Thursday, June 30, 2011

Protest!!

If I was a racehorse there would be a protest that I’d been nobbled.

Remember the doctor’s visit mentioned last post? The results came back and the blood reading of uric acid levels say I’m pre-gout or pre-hyperuricaemic. Sounds awful and it is. So the odd short pain in the knees wasn’t from the arthritis caused by too many unexpected dismounts from horses but probably from uric acid crystals building up in my joints on occasion. The worst part of it is that I’m not a heavy alcohol drinker and haven’t had the luxury of eating rich foods all my life – it’s inherited from my biological father L.

Don’t confuse hyperuricaemia(gout) with heavy alcohol drinkers as it comes from having excess uric acid in the body and uric acid is caused by the purine the body makes during it’s daily maintenance (this is a simplified explanation). Many of the foods you eat have purine in them and though I’m not on medication I’ve been advised to lower my meat consumption (ALL meats but mostly beef) and move to a vegetarian diet. I’ve been net searching and come to the conclusion that there’s still a lot that is unknown about gout and that moderation in all things is the best approach as some foods have a negating effect on purine so if you are consuming enough of those it lowers or negates the effect of the purine in the ‘bad’ foods and your gout doesn’t worsen. So I’m not totally giving up my meat, fish and eggs. People like me who don’t actually have what is diagnosed as true hypeuricaemia can lower the level, just like type 2 diabetics can, and lead a healthy life. Two of the easiest ways to do this is consume 2 litres or more of water a day to help flush the uric acid out before it can settle in your joints and crystallise and to exercise daily so the blood keeps swooshing around and doesn’t allow the uric acid to stop somewhere. The main point being that I can change this if I want to.
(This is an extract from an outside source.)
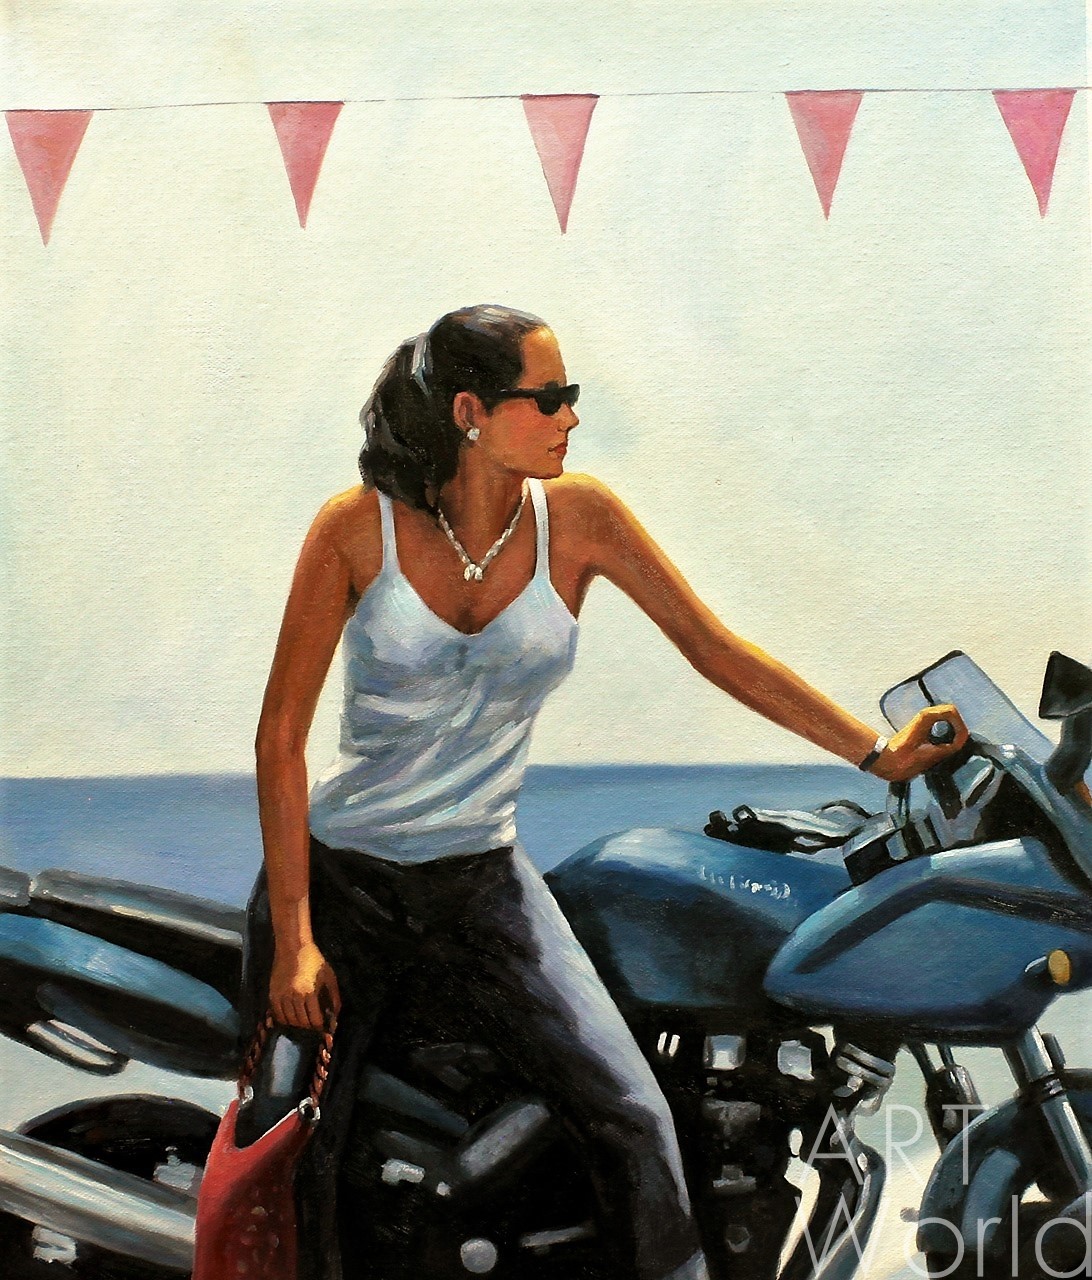 картина масло холст Копия картины Джека Веттриано "La fille la moto", худ. С.Камский, Веттриано Джек Артворлд.ру

So my mission to lose weight has changed direction a little. It’s stopped being a sprint to be fitter and become an endurance race as the point now is to be able to finish upright and still moving and pass the fitness check at the end.

Cheers,
Robyn

Monday, June 13, 2011

Not gaining....

....but not losing either.
I visited the doctor for some blood tests last Thursday and he ran me through the usual checkup as I haven't needed to see him for a while. My weight is still the same as it was before my scales broke, heart rate was 130/80 but he'd just taken blood, and that increases the rate a bit(!), and my general health is good.
I've started dancing when no one is home....because they laugh at me. Very supportive family huh?
I've swapped  fresh vege salad for vege soups as I'm not much of a salad eater in winter but I am snacking on carrots/celery etc and I have tuna/sardine and salad sandwiches for lunch a few times a week.
I've been naughty in that I've stopped keeping my food consumption diary but after the first few months of healthy eating I fell into a habit of compensating by eating lots of fresh, low energy food after binging on fried chips/chocolate as the 'bad' foods made me feel a bit queasy/bloated and I couldn't stomach anything fatty/greasy for a week or so. Even with the comfort foods (desserts) I’m only having a serving half the size of what I used to as the sugar content makes it taste too sweet. I’m preferring fresh fruit and low fat natural yoghurt as a dessert instead of ice cream and jelly. Cakes are a bit of a trap though. Strange how your body adapts to healthy eating after a while.
DH and DD are becoming used to the reduced/fat free foods like the cheese and don’t notice now if I serve them ‘my’ foods because we’ve run out of the ‘normal’ foods! DH is naturally slim so he can eat whatever he wants L.
Hoping all my friends in Australia are eating healthy over Winter as it’s so easy to ‘fall off the cart’ in the cold weather.